Setting the sf_opt and sz_opt options ensures the model is set up with the correct parameters present.
The rain_layer
(pet_layer
) can contain the numeric id values of different rainfall (pet) series. If the value of rain_layer
(pet_layer
) is not NULL
the weights used to compute an averaged input value for each HRU are computed, otherwise an input table for the models generated with the value "missing" used in place of the series name.
## The vignettes contains more examples of the method calls.
## create temport directory for output
demo_dir <- tempfile("dygis")
dir.create(demo_dir)
## initialise processing
ctch <- dynatopGIS$new(file.path(demo_dir,"test"))
#> Creating new folder
#> Starting new project at /tmp/Rtmp1UiXow/dygis1e25478b6141/test
## add digital elevation and channel data
dem_file <- system.file("extdata", "SwindaleDTM40m.tif", package="dynatopGIS", mustWork = TRUE)
dem <- terra::rast(dem_file)
ctch$add_dem(dem)
channel_file <- system.file("extdata", "SwindaleRiverNetwork.shp",
package="dynatopGIS", mustWork = TRUE)
sp_lines <- terra::vect(channel_file)
#> Warning: [vect] Z coordinates ignored
property_names <- c(name="identifier",endNode="endNode",startNode="startNode",length="length")
chn <- convert_channel(sp_lines,property_names)
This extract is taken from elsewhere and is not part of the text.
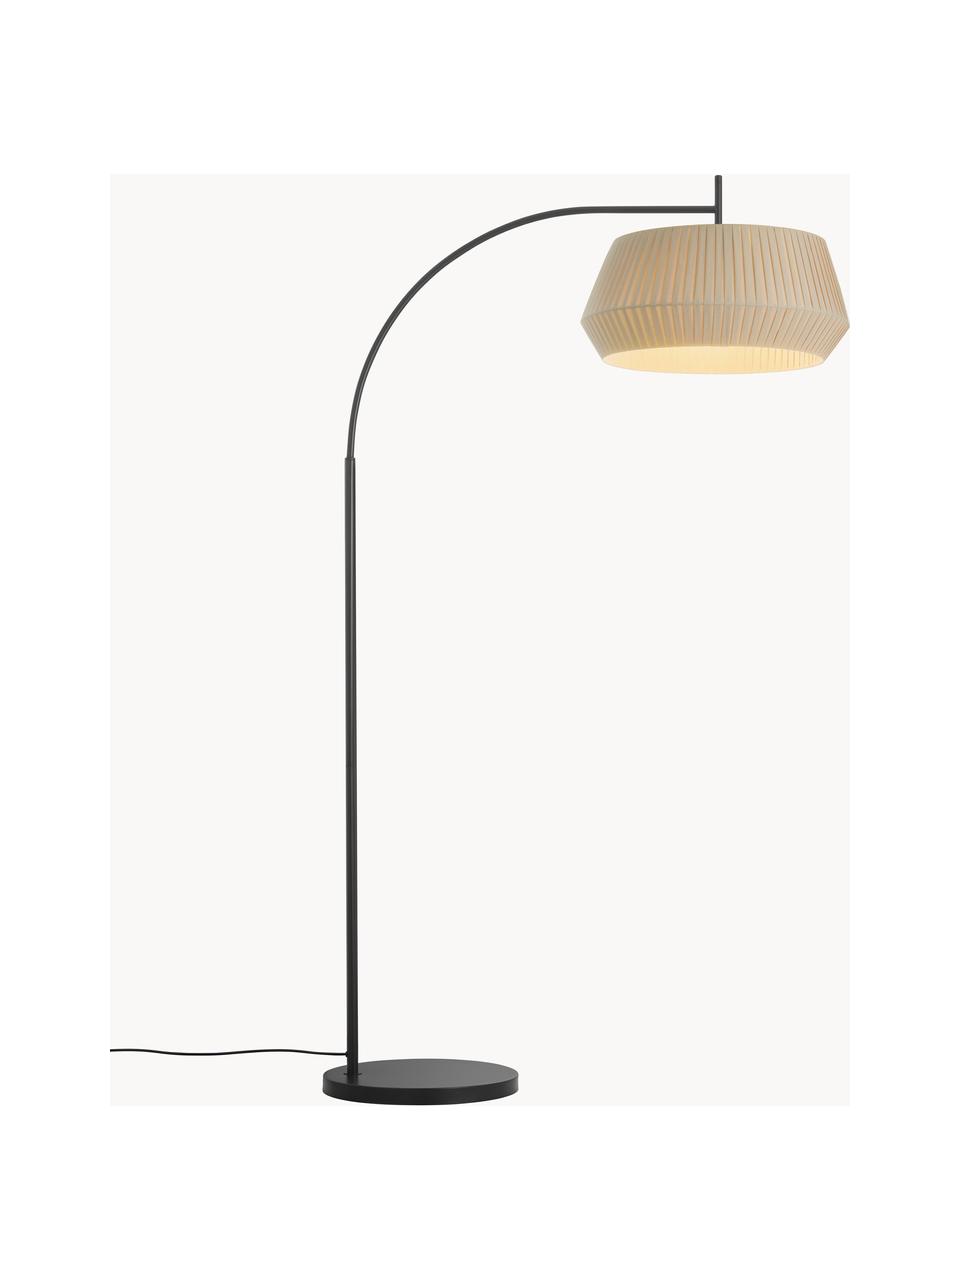 Grand lampadaire arc Dicte, Beige, noir, haut. 180 cm

#> Warning: Modifying to spatial polygons using default width
ctch$add_channel(chn)
## compute properties
ctch$sink_fill() ## fill sinks in the catchment
# \donttest{
ctch$compute_properties() # like topograpihc index and contour length
ctch$compute_flow_lengths()
#> Warning: NAs introduced by coercion to integer range
#> Warning: NAs introduced by coercion to integer range
# }
## classify and create a model
# \donttest{
ctch$classify("atb_20","atb",cuts=20) # classify using the topographic index
ctch$get_method("atb_20") ## see the details of the classification
#> $type
#> [1] "classification"
#>
#> $layer
#> [1] "atb"
#>
#> $cuts
#> [1] 8.6361 9.3714 10.1066 10.8418 11.5771 12.3123 13.0476 13.7828 14.5181
#> [10] 15.2533 15.9885 16.7238 17.4590 18.1943 18.9295 19.6647 20.4000 21.1352
#> [19] 21.8705 22.6057 23.3410
#>
ctch$combine_classes("atb_20_band",c("atb_20","band")) ## combine classes
ctch$create_model(file.path(demo_dir,"new_model"),"atb_20_band","band") ## create a model
list.files(demo_dir,pattern="new_model*") ## look at the output files for the model
#> [1] "new_model.rds" "new_model.tif"
# }
## tidy up
unlink(demo_dir)